1. Severity of the issue: (select one)
Medium: Significantly affects my productivity but can find a workaround.
2. Environment:
- Ray version: 2.47.1
- Python version: 3.11
- OS: Ubuntu 22.04
- Cloud/Infrastructure: 5070Ti + 64G + AMD64
- Other libs/tools (if relevant): None
3. What happened vs. what you expected:
- Expected: I’m new to Ray and would like to know how to freeze a Ray local cluster before killing all actors and tasks due to out-of-memory, and how to drill down to a specific actor for memory analysis and get detailed object information in Plasma/Heap.
- Actual: The job exits directly, leaving only the Actor-level memory overflow log report
First of all, I would like to express my gratitude to friends who are willing to share their experience
Traceback (most recent call last):
File "/home/inbreeze/PycharmProjects/DataPlatformOnRay/python/raypipe/runner.py", line 65, in <module>
logger.info(f"[DataPlatformOnRay] final return: {ray.get(mergeActor.run.remote())}")

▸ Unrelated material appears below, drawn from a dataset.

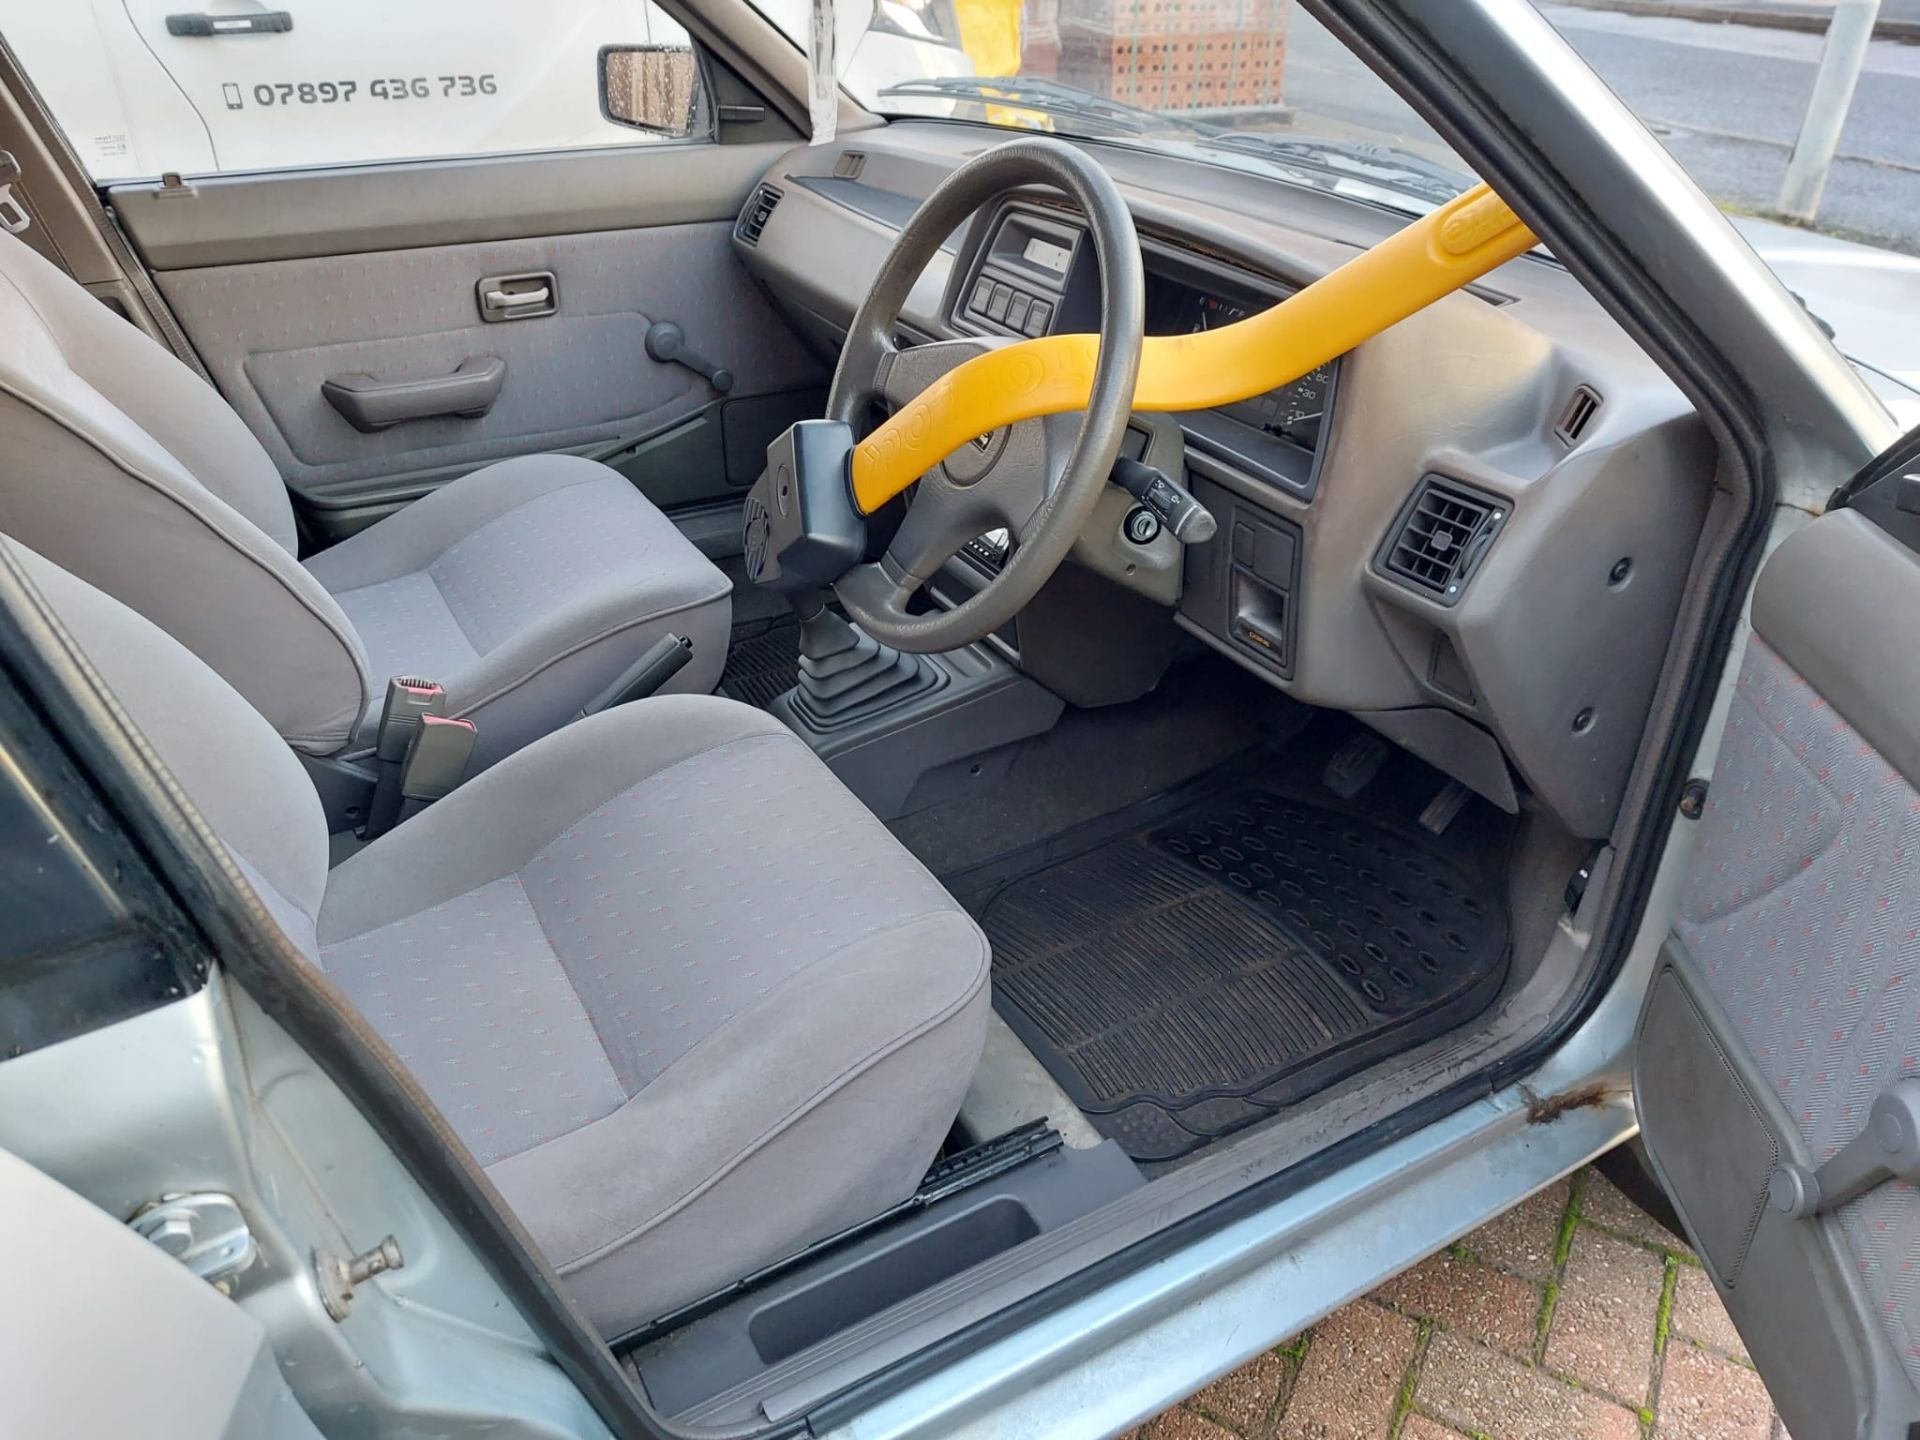 CLASSIC ROVER MAESTRO CLUBMAN D1993 WITH A 2.0L DIESEL TURBO ENGINE - 58K MILES (NO VAT ON HAMMER) - Image 6 of 12

^^^^^^^^^^^^^^^^^^^^^^^^^^^^^^^^
File "/opt/miniconda3/envs/ray-dev/lib/python3.11/site-packages/ray/_private/auto_init_hook.py", line 22, in auto_init_wrapper
return fn(*args, **kwargs)
^^^^^^^^^^^^^^^^^^^
File "/opt/miniconda3/envs/ray-dev/lib/python3.11/site-packages/ray/_private/client_mode_hook.py", line 104, in wrapper
return func(*args, **kwargs)
^^^^^^^^^^^^^^^^^^^^^
File "/opt/miniconda3/envs/ray-dev/lib/python3.11/site-packages/ray/_private/worker.py", line 2849, in get
values, debugger_breakpoint = worker.get_objects(object_refs, timeout=timeout)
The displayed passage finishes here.